Search code examples
pythonmultithreadingjoblib

Using joblib is slower than single thread loop


from tqdm import tqdm
from joblib import Parallel, delayed
import numpy as np
import time

def func(x,a,b,c):
    """x3+ax2+bx+c"""
    return x**3+a*x**2+b*x+c

def func_prime(x,a,b):
    """3x2+2ax+b"""
    return 3*x**2+2*a*x+b

def check(i):
    a,b,c = i
    if func_prime(-1/4, a,b) != -1/4:
        return False
    if func_prime(1/4,a,b) >=0:
        return False
    for i in range(-300,300):
        if func(i-1, a,b,c)*func(i+1,a,b,c)<0:
            return False
    return a,b,c

def gen():
    a=np.arange(-1, 1, 1/128)
    b=np.arange(-1, 1, 1/128)
    c=np.arange(-1, 1, 1/128)
    for i_a in a:
        for i_b in b:
            for i_c in c:
                yield i_a, i_b, i_c

# single thread. it spend 11 seconds. 
result = set()
for i in tqdm(gen()):
    result.update([check(i)])

# using joblib. it spend 313 seconds. 
start_time = time.time()
_ = Parallel(n_jobs=10)(delayed(check)(i) for i in gen())
end_time = time.time()
print(end_time - start_time)

I'm tring to solve a math quiz for fun, and solution is "fx=x3-0.375x2-0.625x + 0".
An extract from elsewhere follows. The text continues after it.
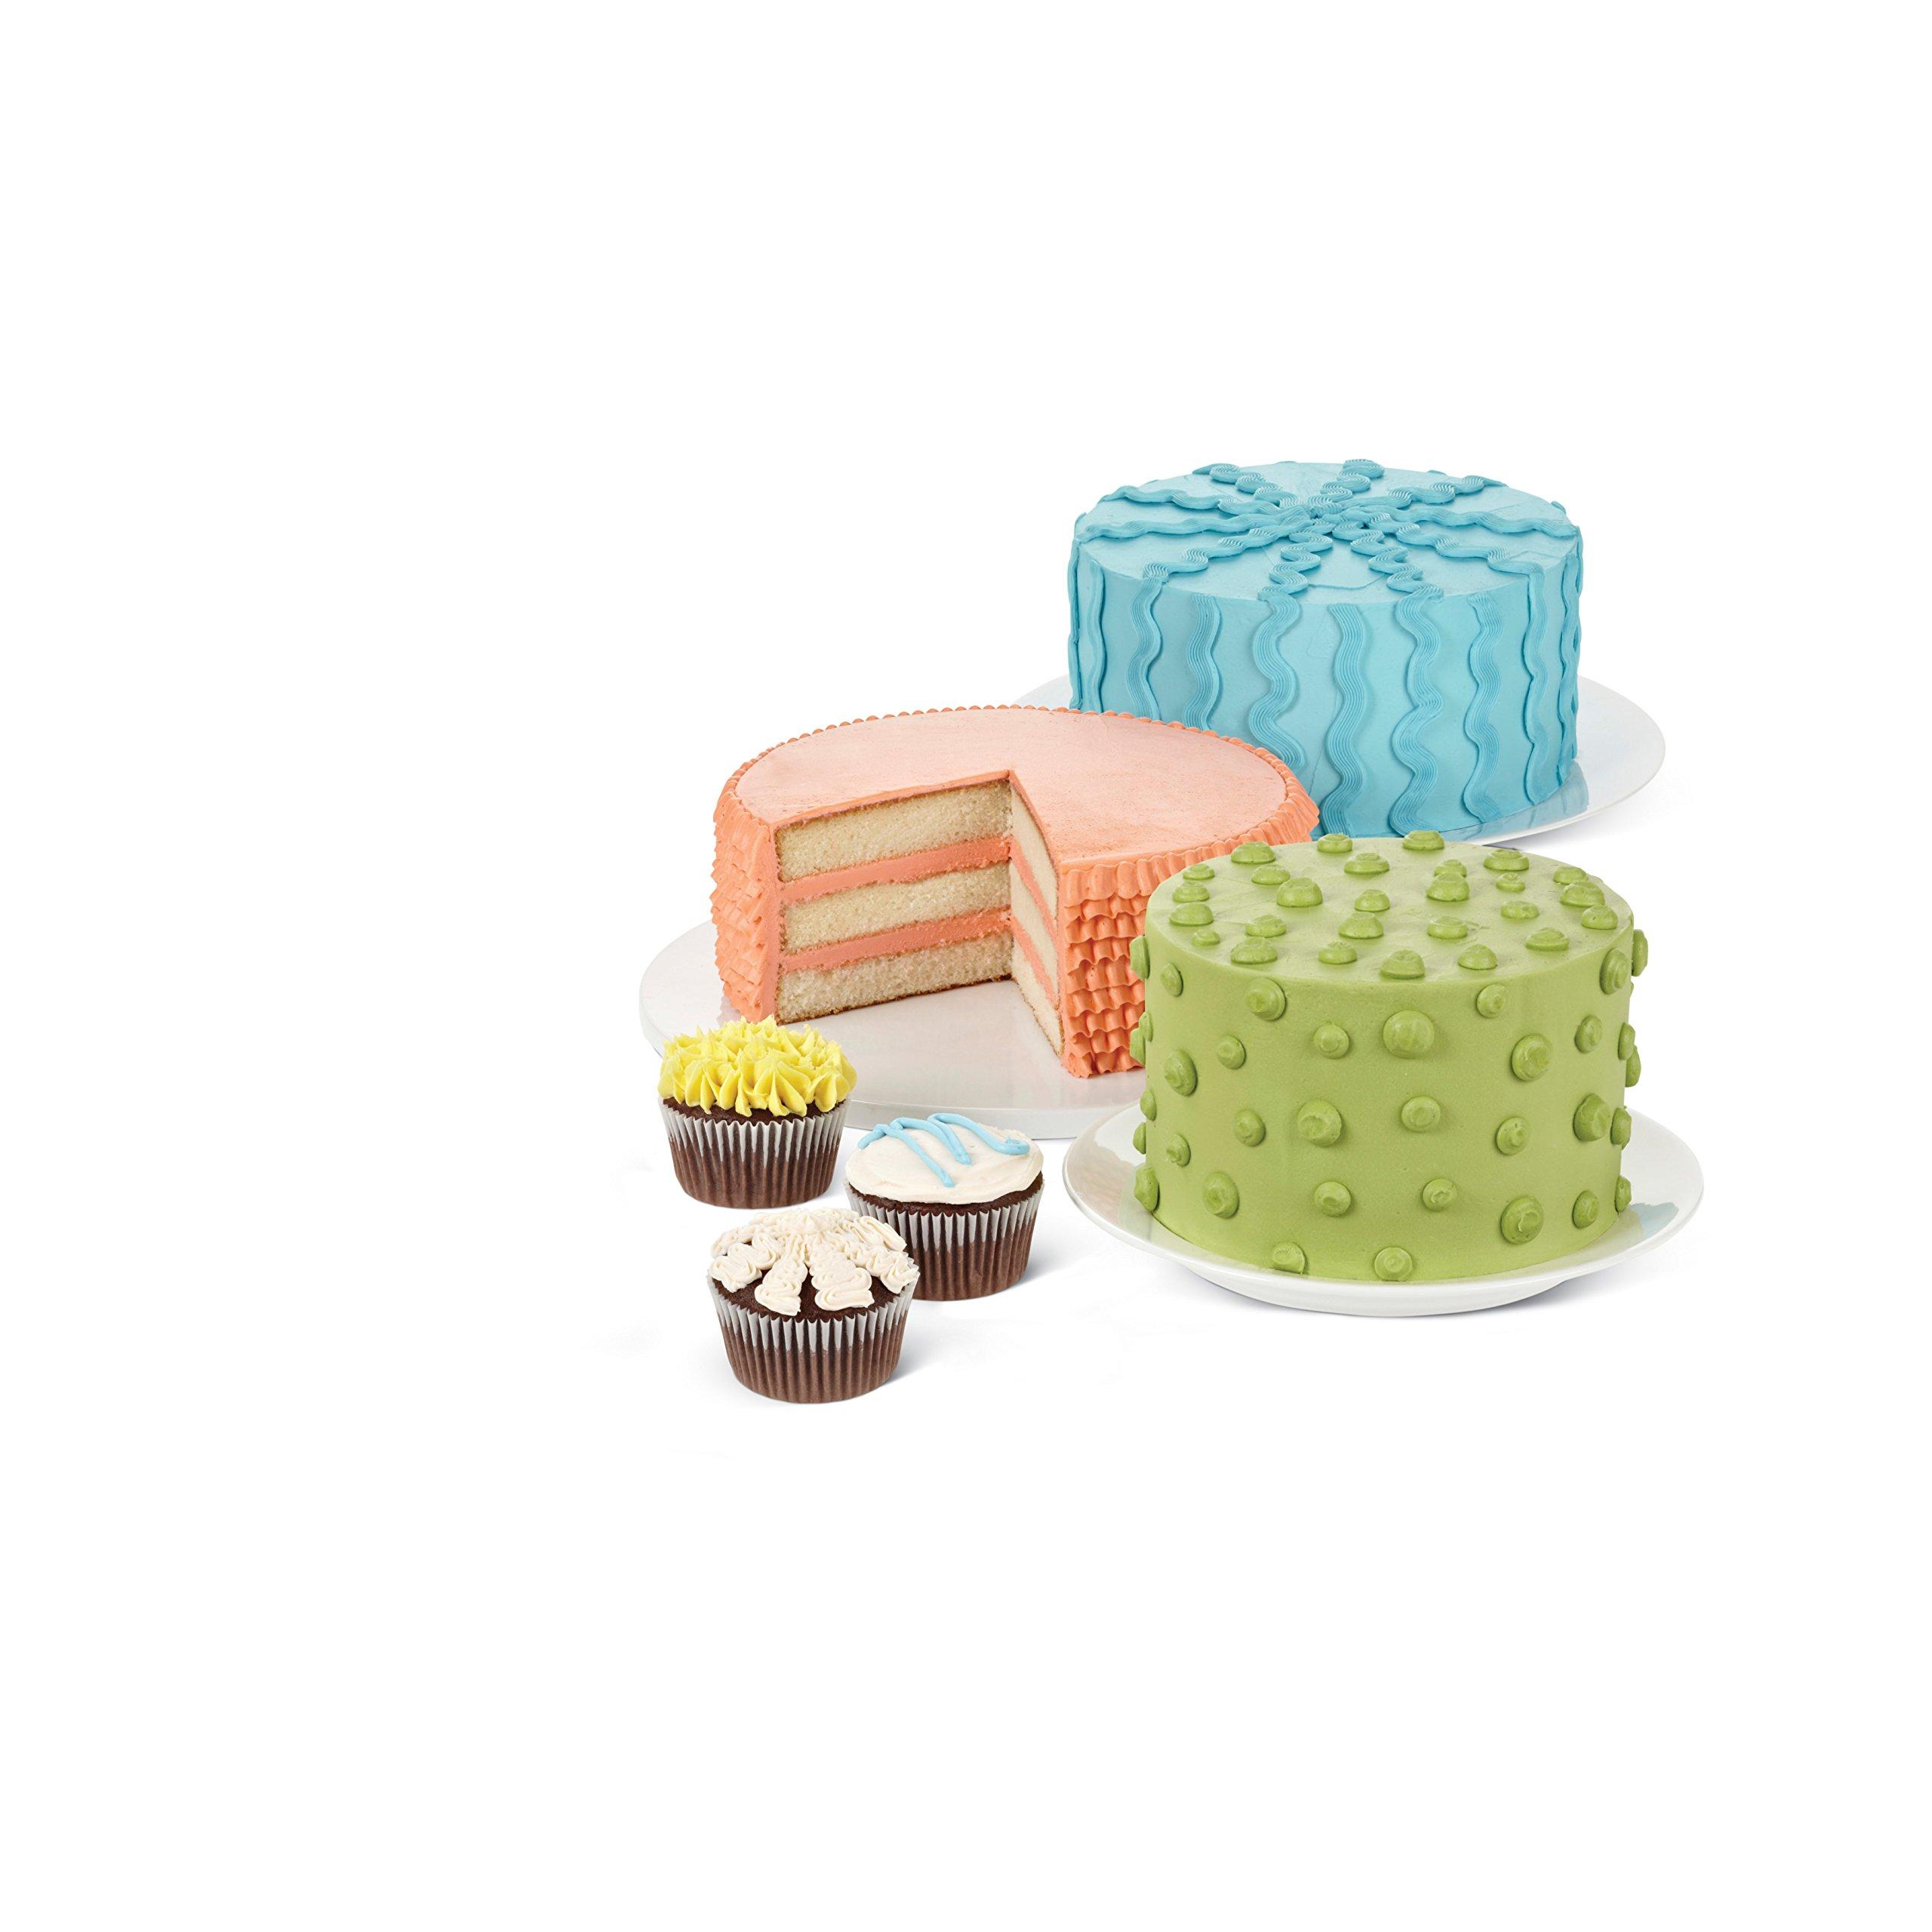 Wilton 46-Piece Deluxe Cake Decorating Set, Cake ...

My code test all combinations of values, so I thought parallel programming make it faster. But this is not so, it is much slower than with a single thread.

My questions:

  1. why multithread is slower?
  2. how can I fix it faster than single thread?
  3. early stopping. if I find a solution for it, quit asap. how can I implement that?

Solution

  • tl;dr: You're iterating in the wrong place.
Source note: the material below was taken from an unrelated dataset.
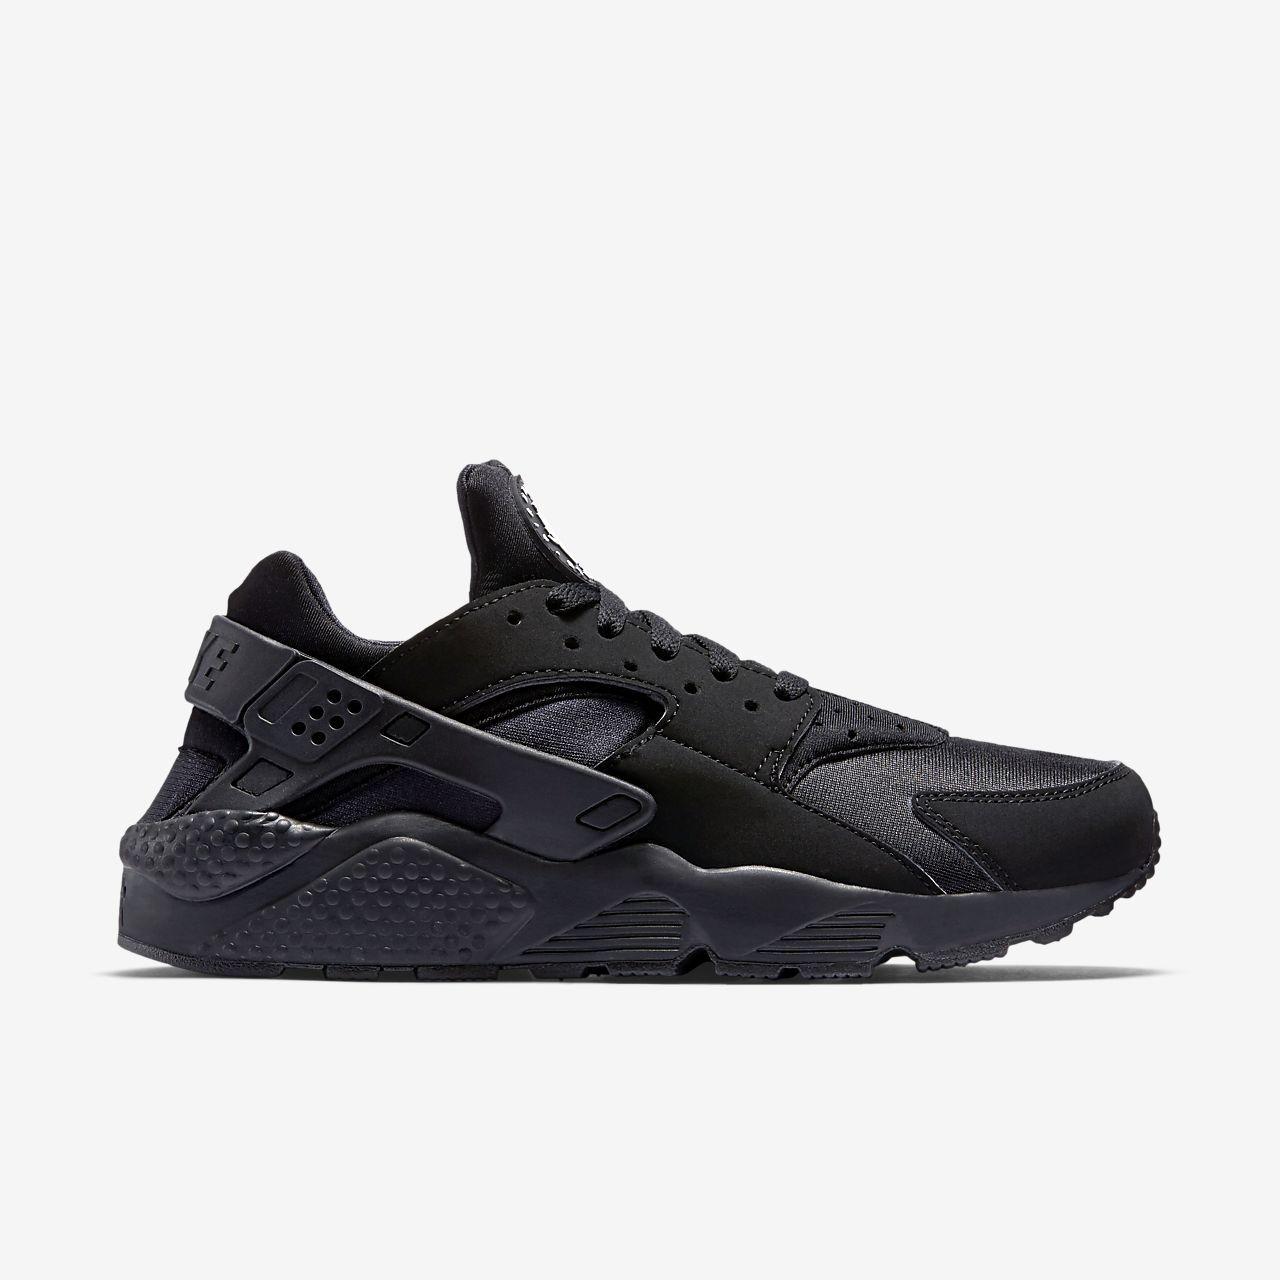 newest 63bd3 5c37c Nike Air Huarache Men s Shoe. Nike Air Huarache Men s Shoe Black Huarache,  Nike Air Huarache, Running Sneakers, Running

    gen() produces many values (triples), which are serialized and sent down pipes to worker sub-processes.

    def check(i):
        a, b, c = i
        ...
        for i in range(-300, 300):
    

    First, that second i is the wrong identifier, it should be x. Starting out with a tuple and then switching to a scalar is just bizarre, avoid doing that.

    Second, the for loop may exit early. Now, if we typically do six hundred iterations, this could possibly be a sensible parent-child work balance. But I get the sense that we're spending a lot of time serializing those 3-tuples, sending them down a pipe, deserializing them, and quickly doing an early exit long before hitting six hundred.
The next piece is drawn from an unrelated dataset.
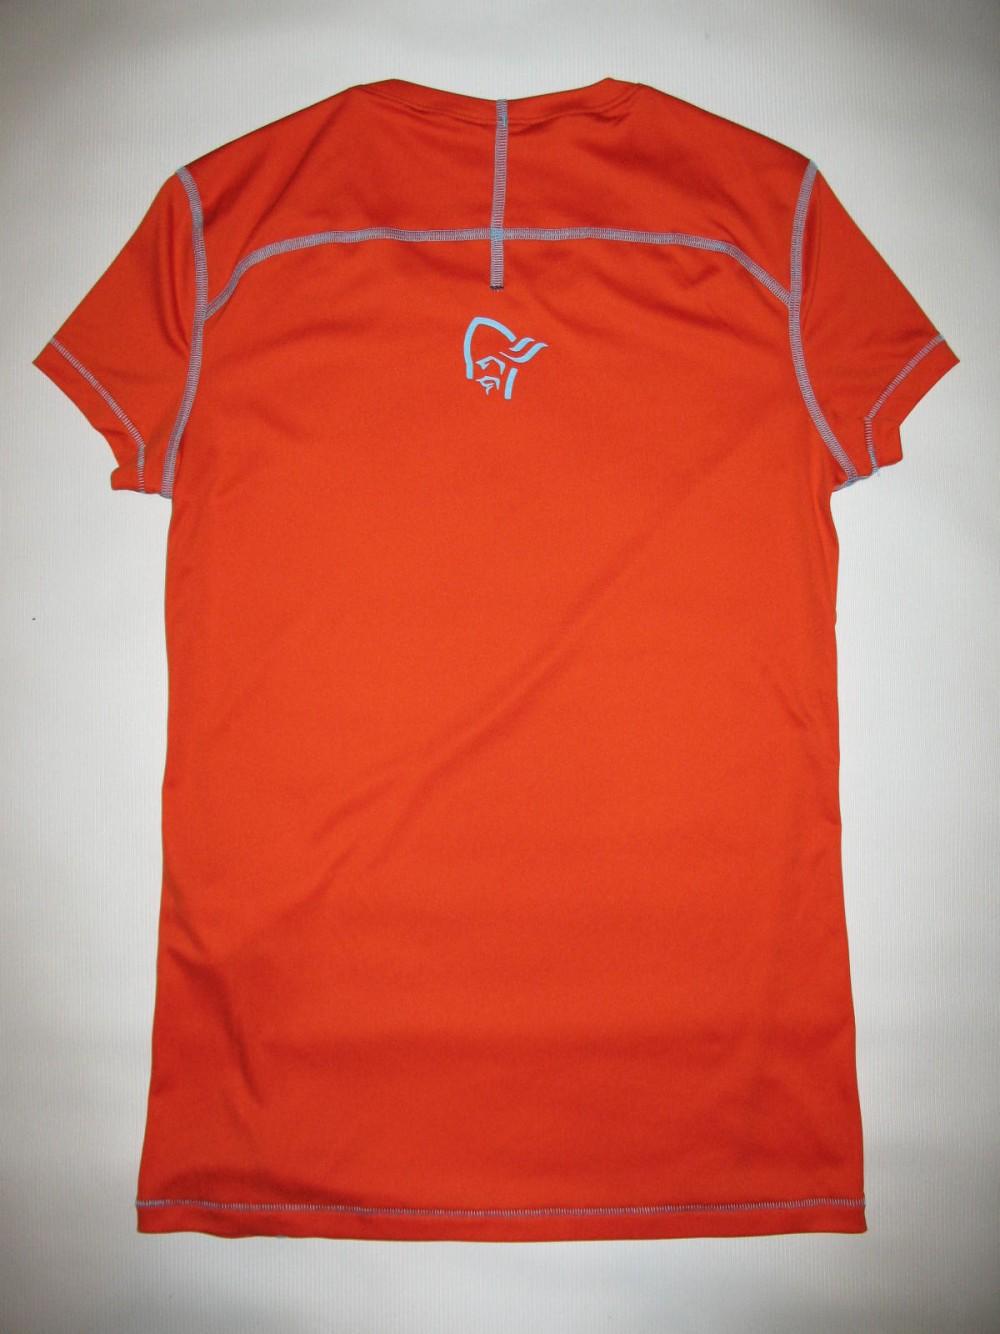 Футболка NORRONA 29 tech t-shirt lady (размер S) - 2

    You have nested a, b, c loops and ten cores. I recommend that the parent only loops over a values, and lets the child worry about the b, c iteration. That way you spend a greater fraction of CPU cycles on evaluating func than on serializing / deserializing.


    Separate issue:

        if func_prime(-0.25, a, b) != -0.25:
    

    It's not usually recommended to test a float for exact equality (or in this case, inequality). When comparing x == y, prefer to compute whether abs(x - y) is less than some small epsilon (or in this case, greater than ϵ ).

    We have a special case, here, reciprocal of a power of 2, so IEEE-754 can exactly represent the quantity of interest. But in general, you should develop some healthy level of paranoia about FP rounding issues.